See my mother driving into a roadside BP somewhere. See the Commodore’s scented cardboard leaf, ocean breeze, swaying from the rear-view. See my mother at a bain-marie breakfast, far from here. See her on the Calder, smelling of cold takeaway, menthol cigarettes and metallic breath – no longer of grief. See the freeway morning sun on my mother’s face.
Desperation in dogs also has a heavy smell – something like wood rot, like damp pine needles, a little like salt-sweet sweat. It’s okay, girl, I say, that spent heeler’s pink smile panting as she lets me pick her up.

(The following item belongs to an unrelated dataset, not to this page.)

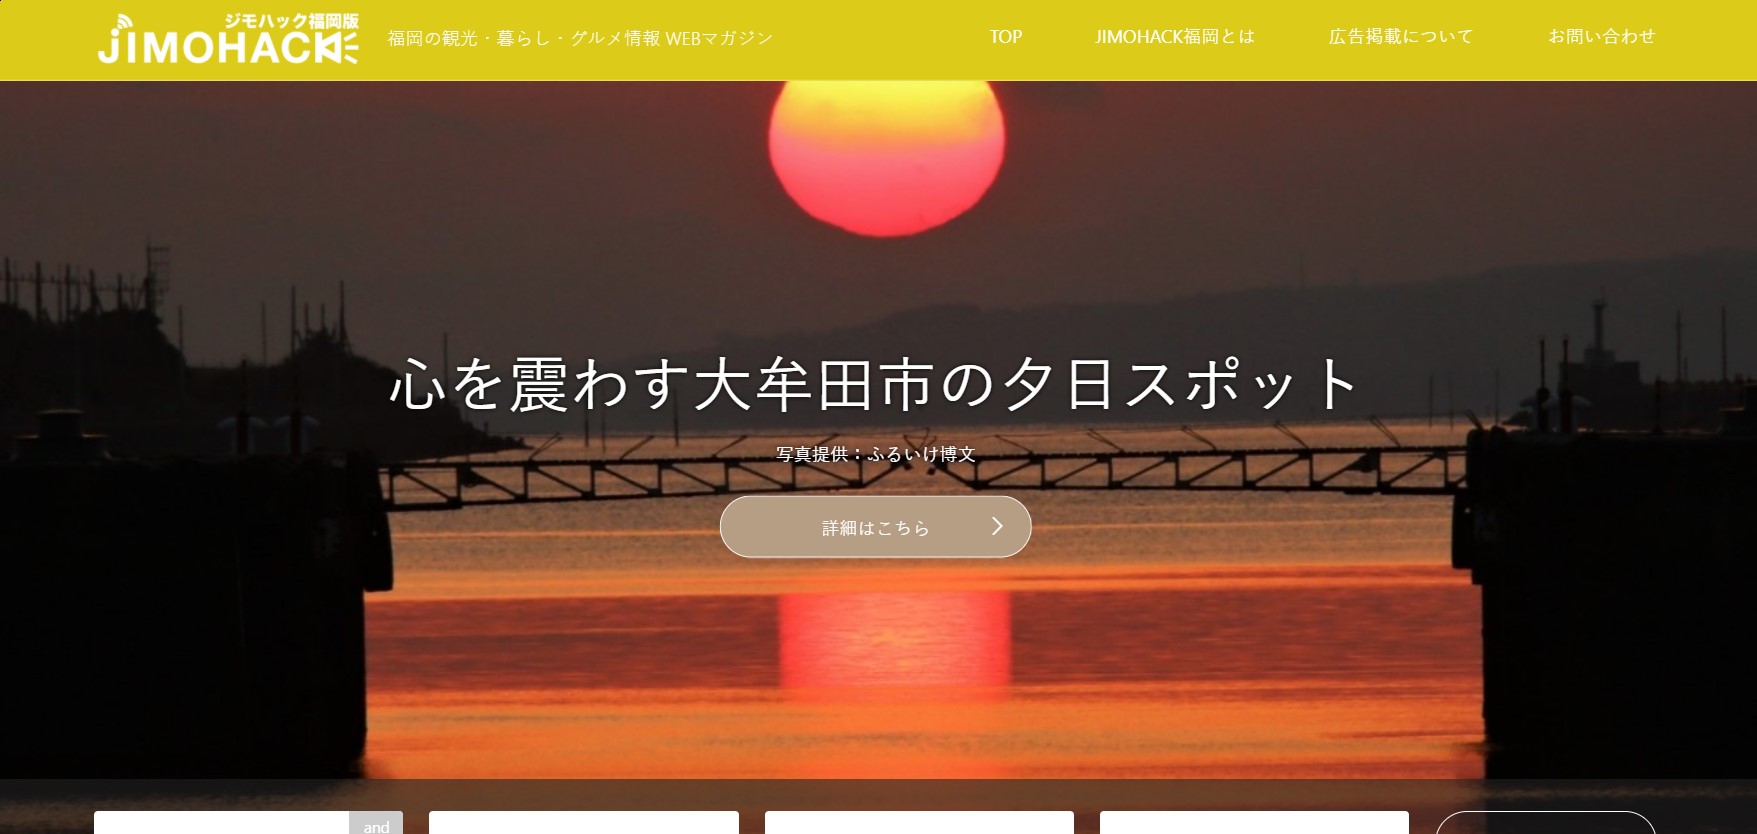 JIMOHACK福岡のトップページ

Walking back to the car, I think of my sister sleeping down in the valley – about her patch, if that’s what you call it, dotted with browning flowers, two cigarettes wrapped in alfoil and an empty bottle of peach Absolut. I think of my sister, that last night she also left. I think about that boy called Bundy, the one we watched in the Supreme Court, smirking back at us from the dock. There my sister is, again, late that last night, in the kitchen before what will soon become The Event. Shut the fuck up, sis, she said. I love you, but don’t say anything. Go to bed.
See the whites of that dog’s eyes, the grass seeds, the swollen paws – her fur the colour of June skies, of bruised thighs, of pencil lead. A supermarket truck passes, brakes grinding as its high beams light up the two of us: me shuffling along the roadside, holding her – that panting loyal heeler, blue and roan, the one my mother loved most of all.
I’ve got you, Pony, I say into lavender fur. I got you, pup, I say again.